Though the five epaulette species don't look much alike, varying in markings and color, their DNA identified them as family. Says Dudgeon, "We estimated the connection between the species based on comparisons between their mitochondrial DNA which is passed down through the maternal lineage. This DNA codes for the mitochondria which are the parts of cells that transform oxygen and nutrients from food into energy for cells."
What's the hurry?
The researchers theorize that a few factors may have accelerated the epaulets' evolution. First off, they keep to themselves in their own separate region, with extensive inbreeding perhaps speeding up the rate of mutation. "Data suggests the new species evolved after the sharks moved away from their original population, became genetically isolated in new areas and developed into new species," explains Dudgeon. "They may have moved by swimming or walking on their fins, but it's also possible they 'hitched' a ride on reefs moving westward across the top of New Guinea, about two million years ago."
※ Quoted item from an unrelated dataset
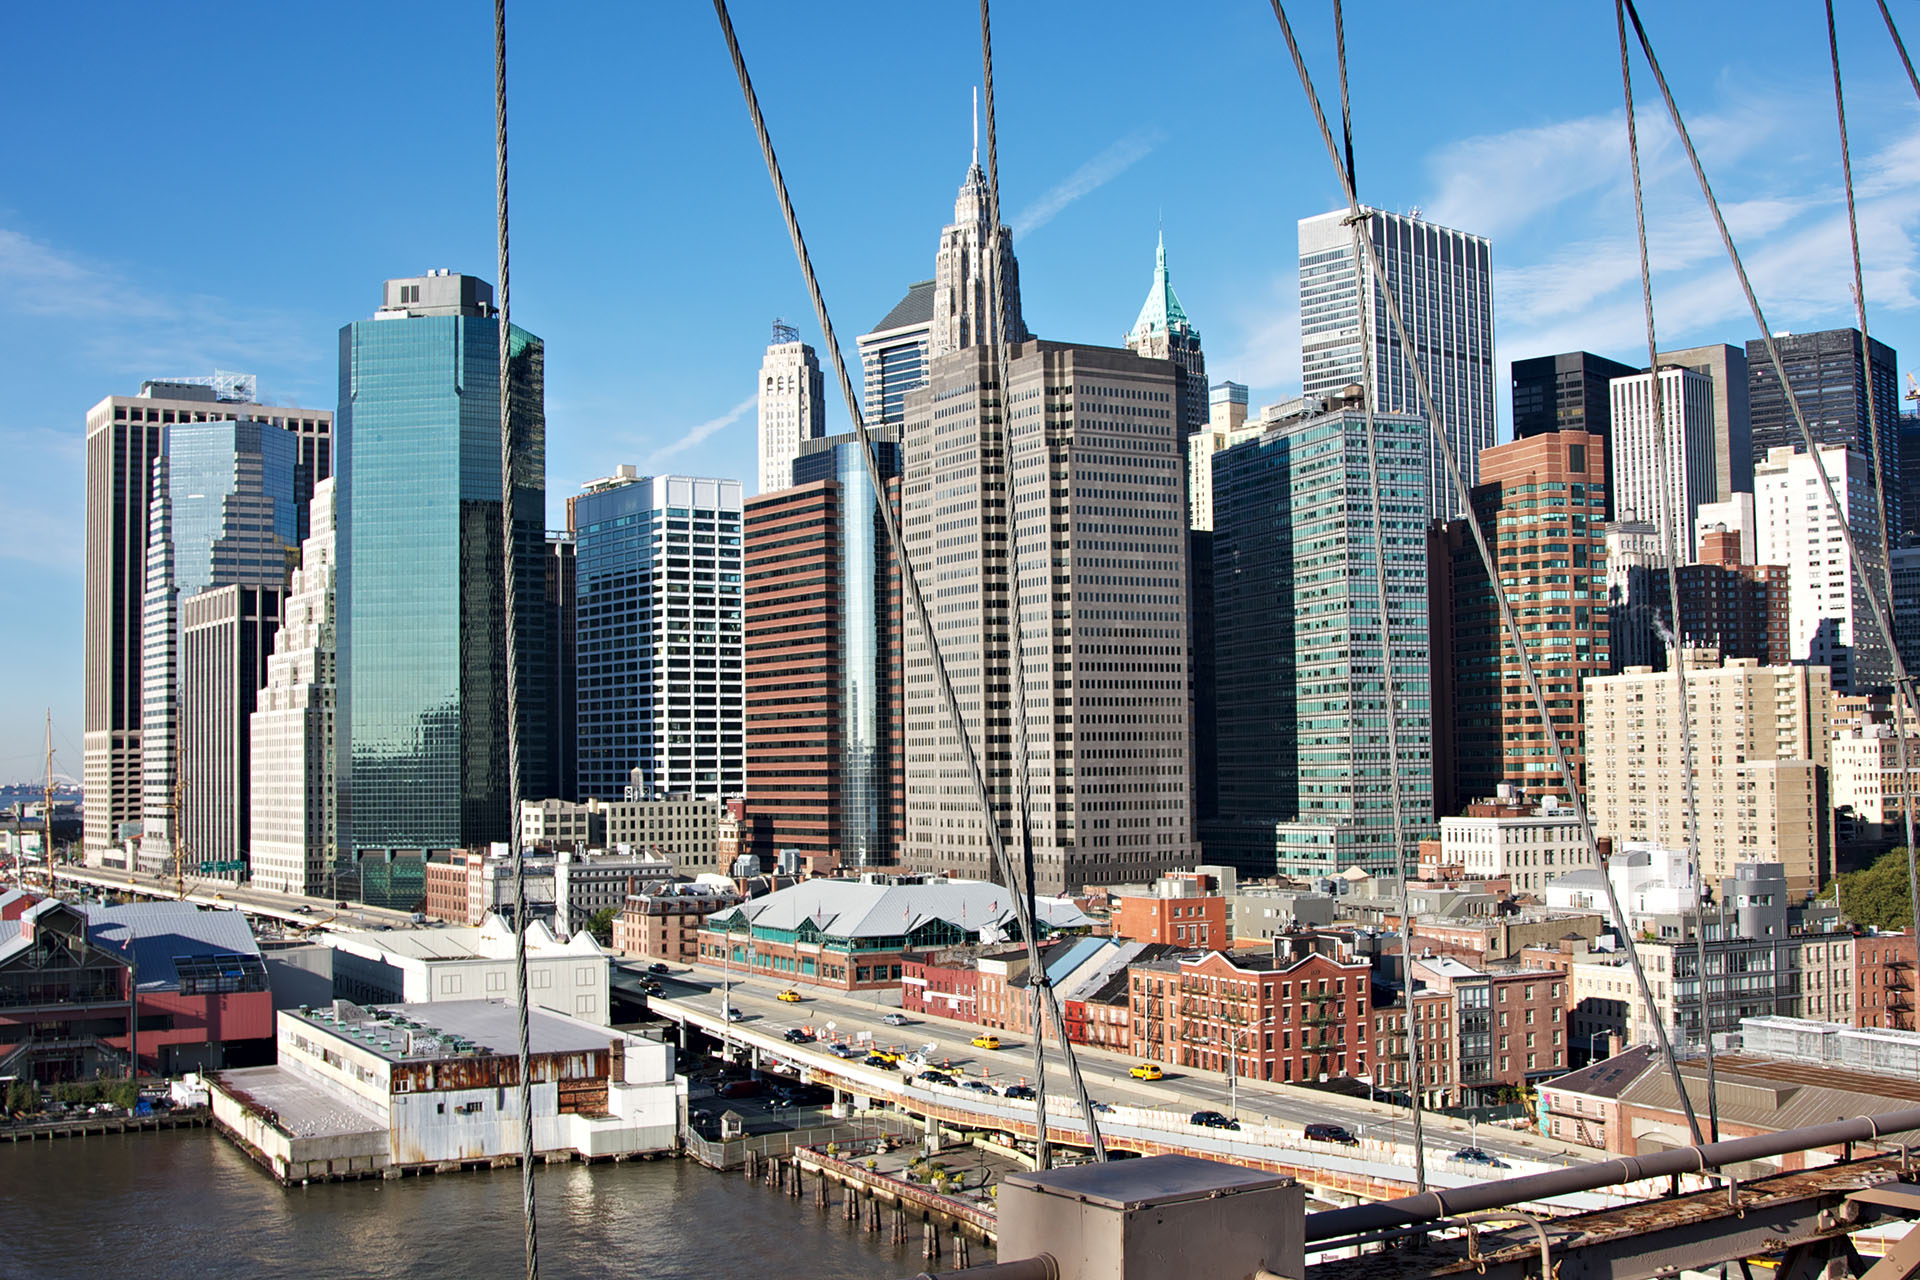 20111028 New York 94

Another possible factor are the ever-changing reefs themselves. They're continually in flux as oceans change and as corals live and die, with rising and falling sea levels, as well as changing currents and temperatures. The epaulettes' success depends on adapting quickly to a very dynamic environment, about which Naylor says, "It's the shark equivalent of the Galápagos, where you can see shark evolution in action."
Beachgoers needn't fear for their tootsies just yet, but just wait another few million years, and who knows?